REQUIRED WORK
Using only the entries below, copy exactly the lines that begin at the one with "行列積演算子への変換のイメージ図" and end at the one with "Zu sehen ist", both included. Drop the pictures.

LISTED RECORDS
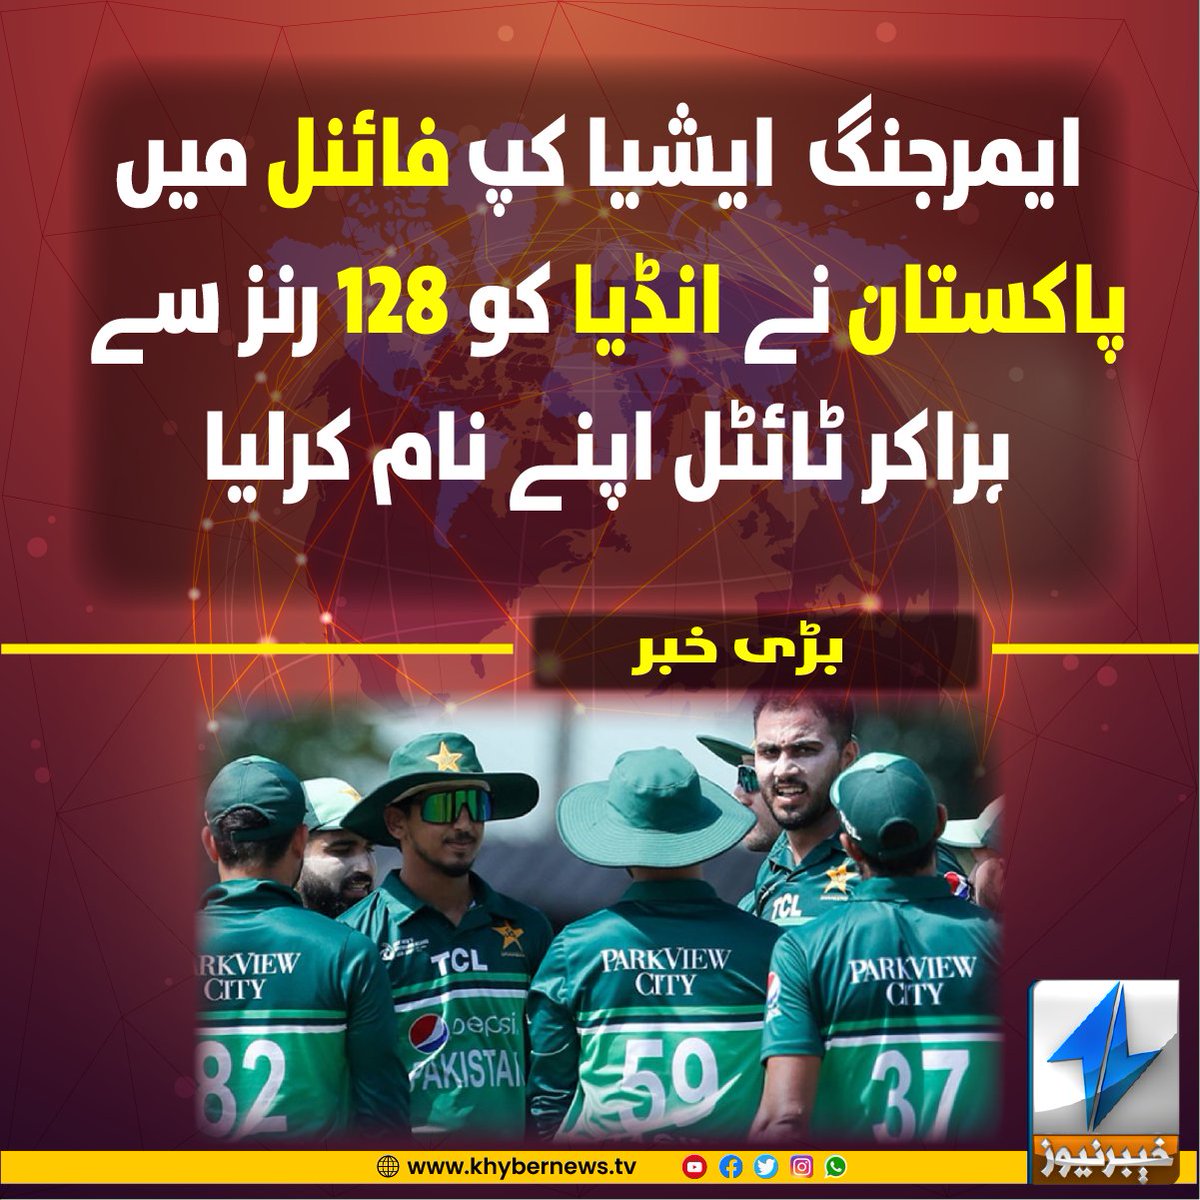 ایمرجنگ ایشیا کپ فائنل میں پاکستان نے انڈیا کو رنز سے ہراکر ٹائٹل اپنے نام کرلیا

#PAKvIND #EmergingAsia #CongratulationsPakistan #KhyberNews
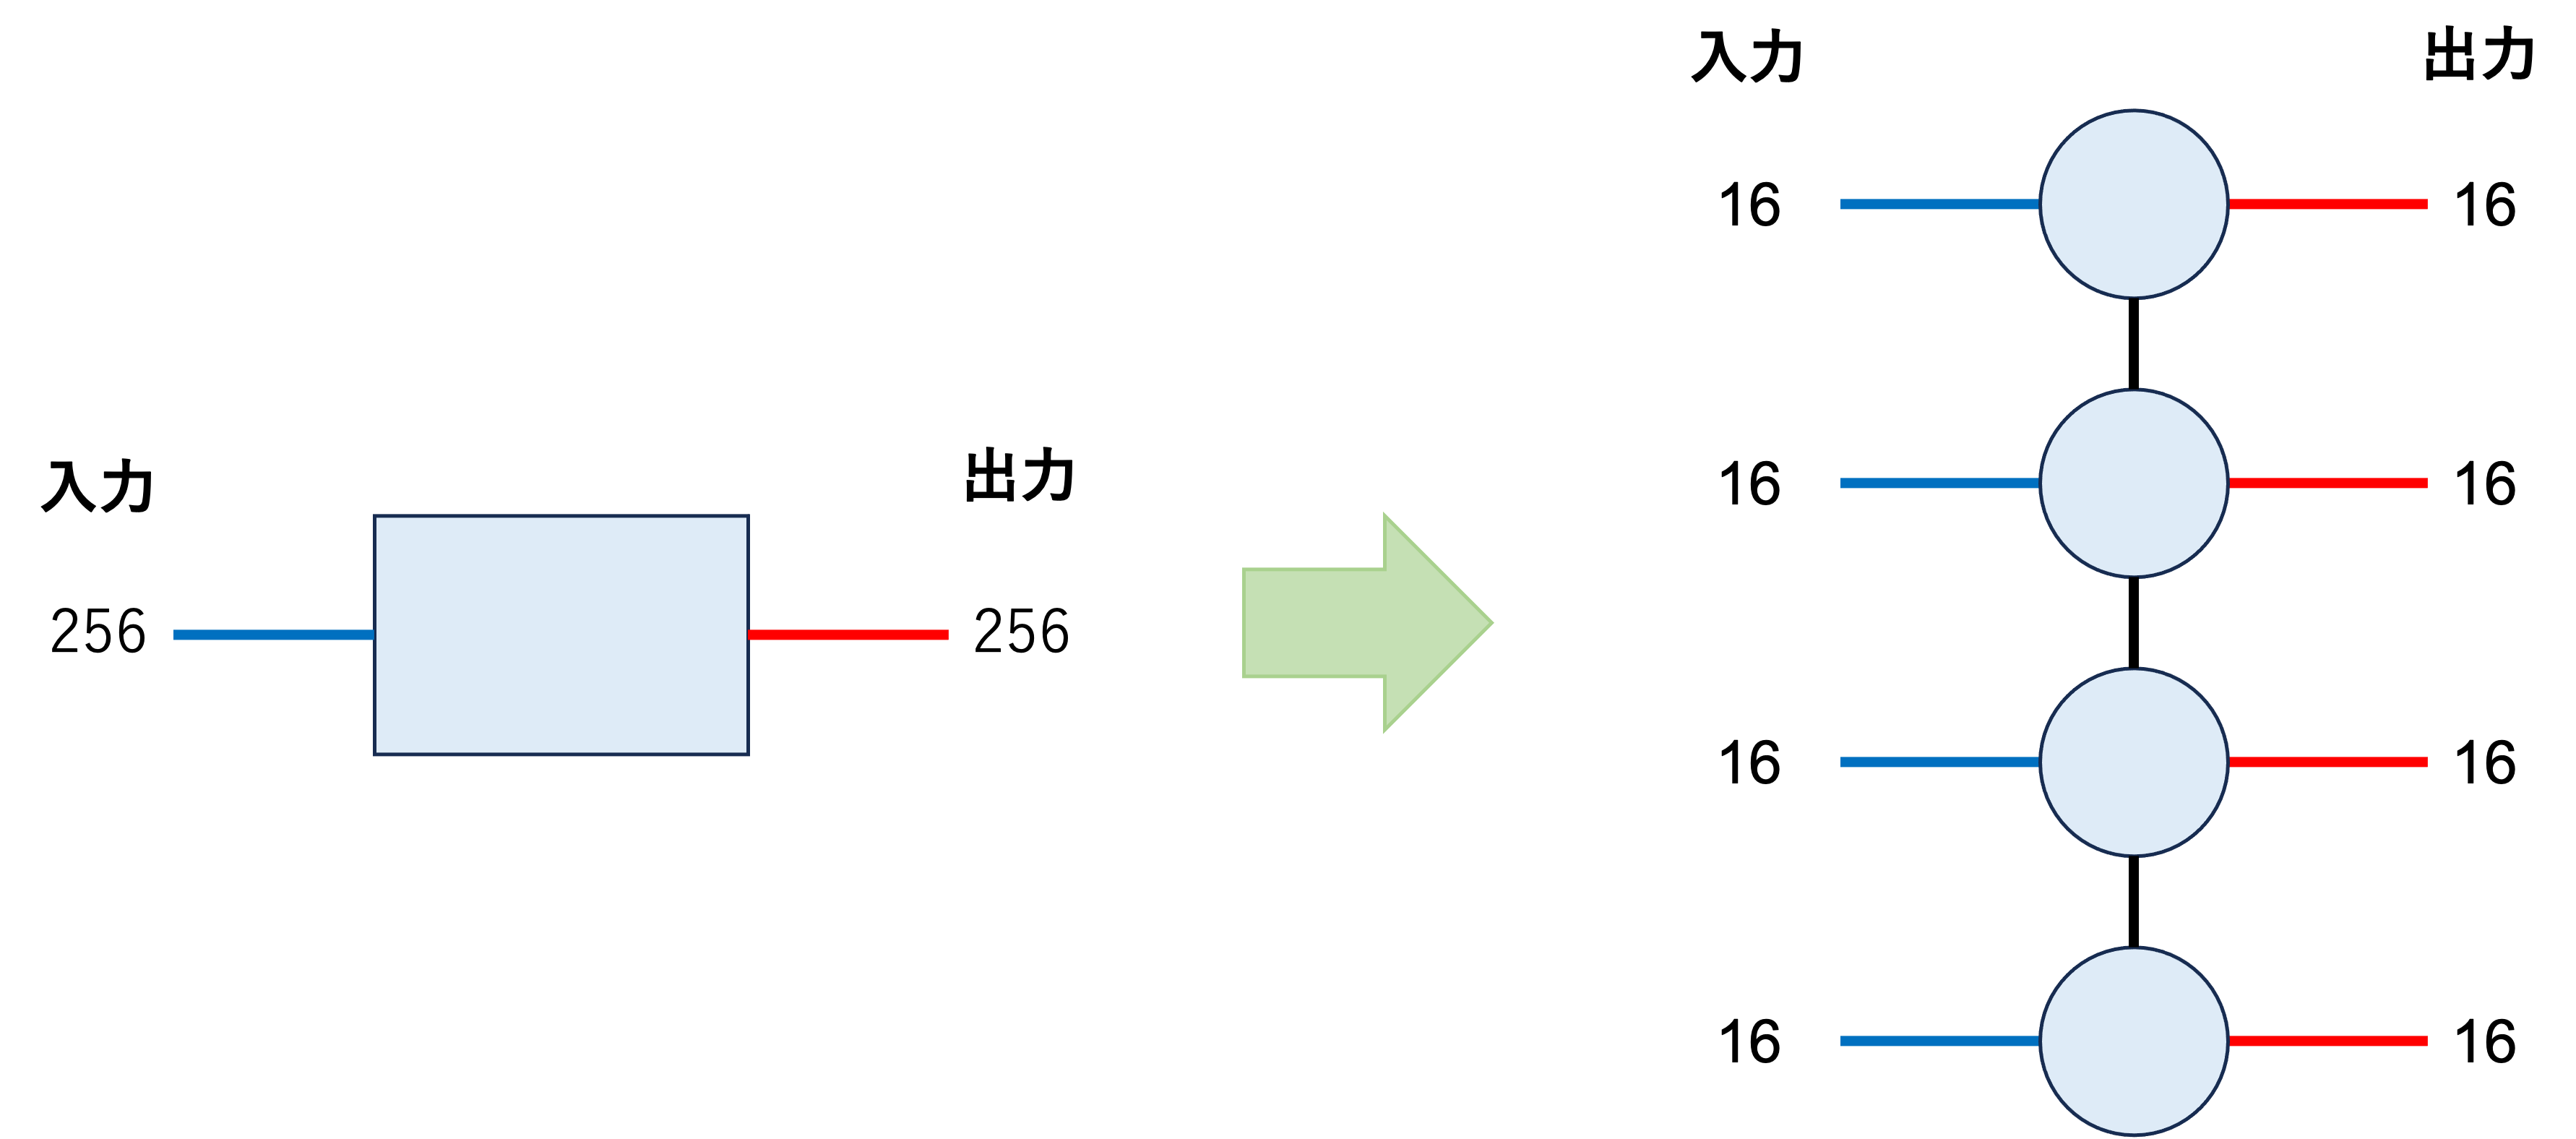 行列積演算子への変換のイメージ図
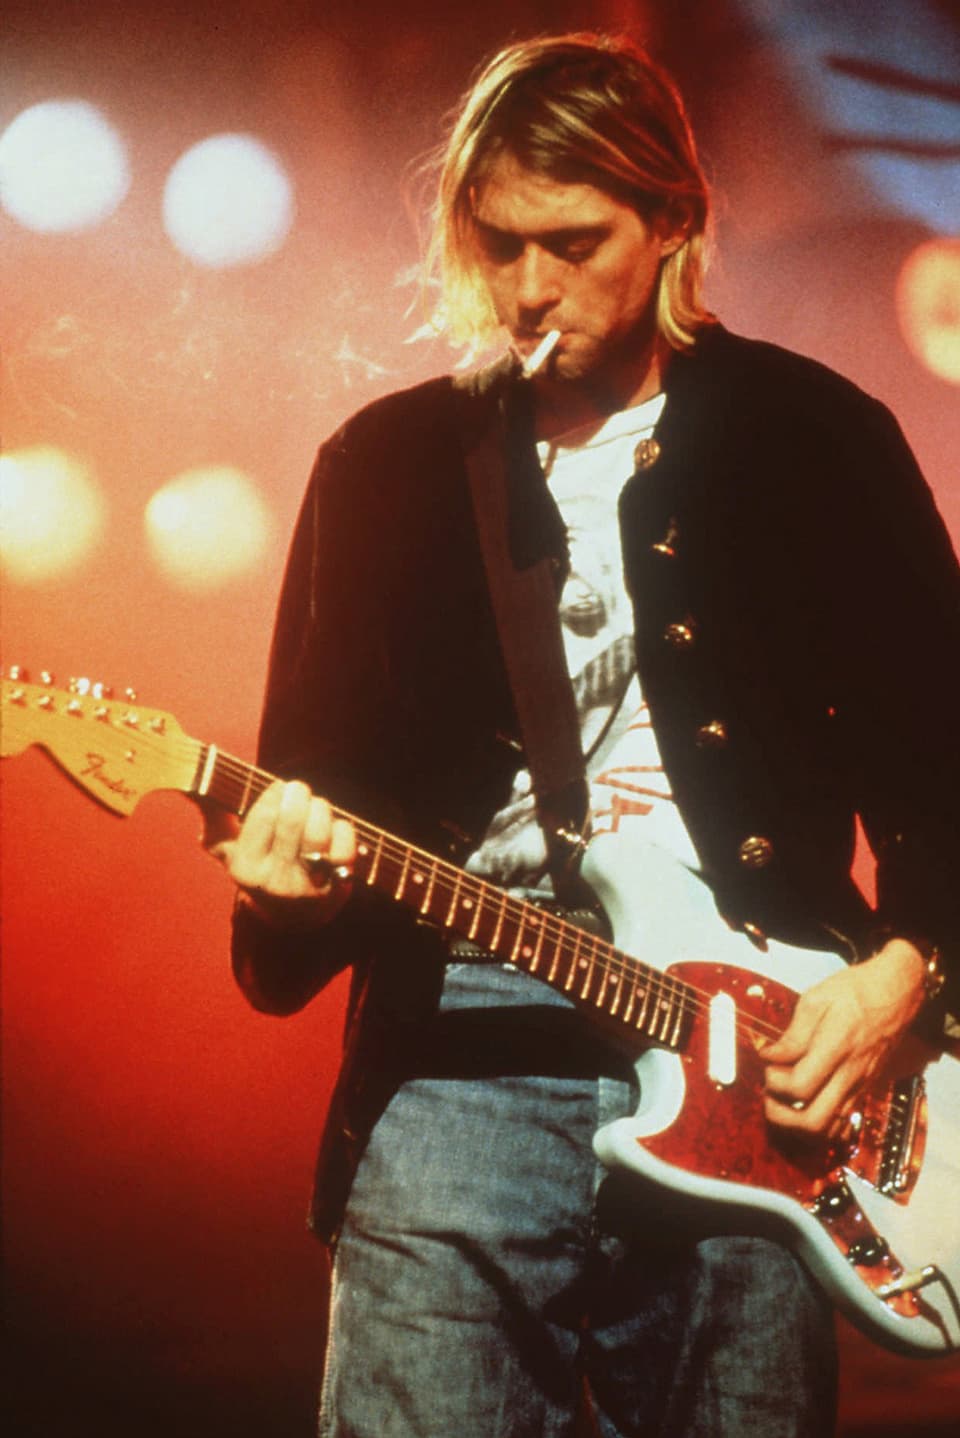 Zu sehen ist der Frontman der Grungeband Nirvana, Kurt Cobain. Er spielt Gitarre und hat eine Zigarette im Mund.
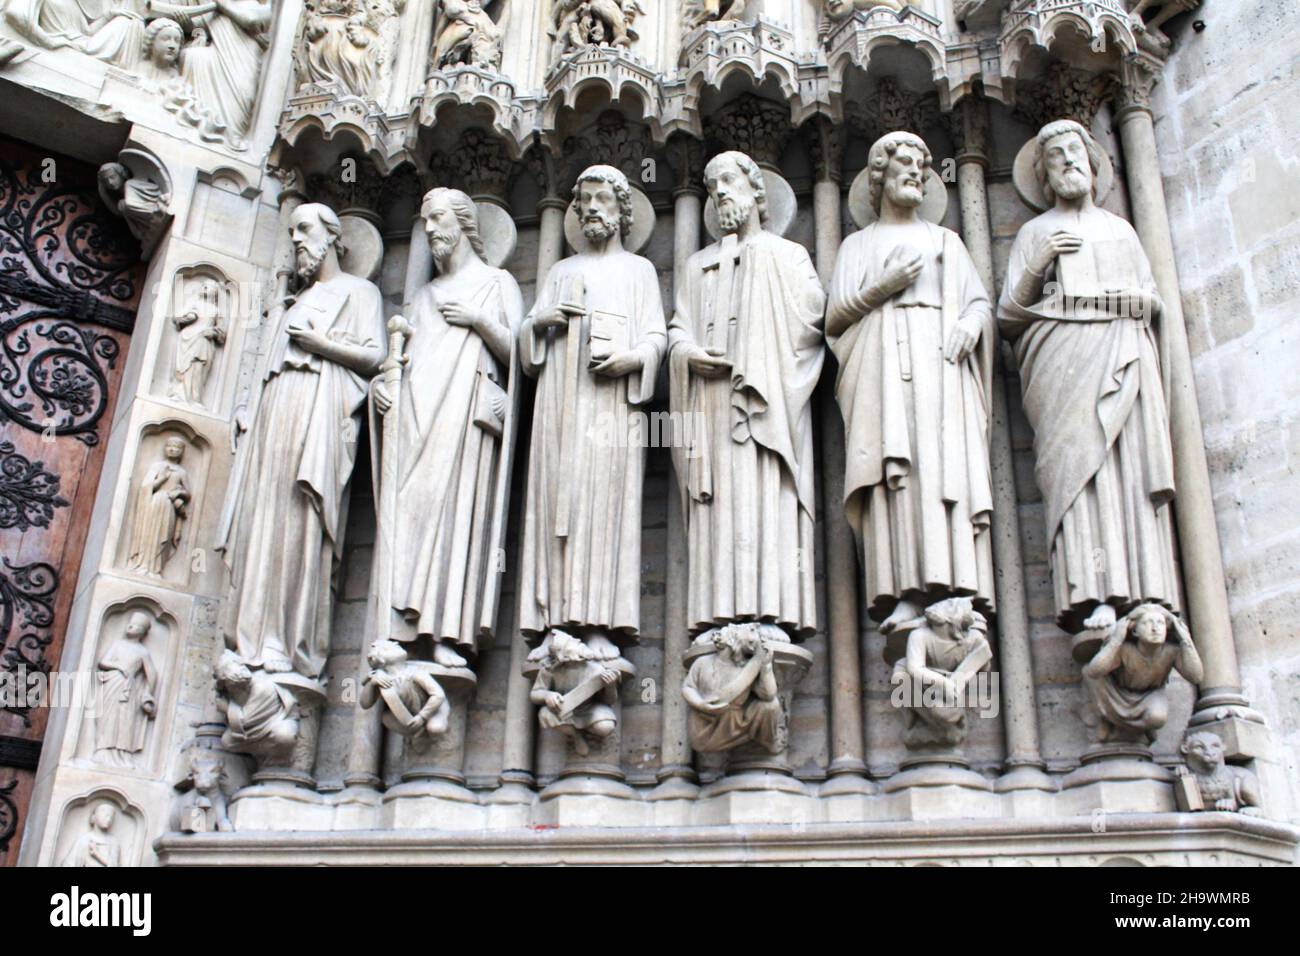 Historische Statuen der Heiligen Paul, James, Thomas, Philip, Jude und Matthew flankieren den Eingang an der façade der Kathedrale Notre Dame in Paris, Frankreich. Stockfoto

RESULT BELOW
 行列積演算子への変換のイメージ図
 Zu sehen ist der Frontman der Grungeband Nirvana, Kurt Cobain. Er spielt Gitarre und hat eine Zigarette im Mund.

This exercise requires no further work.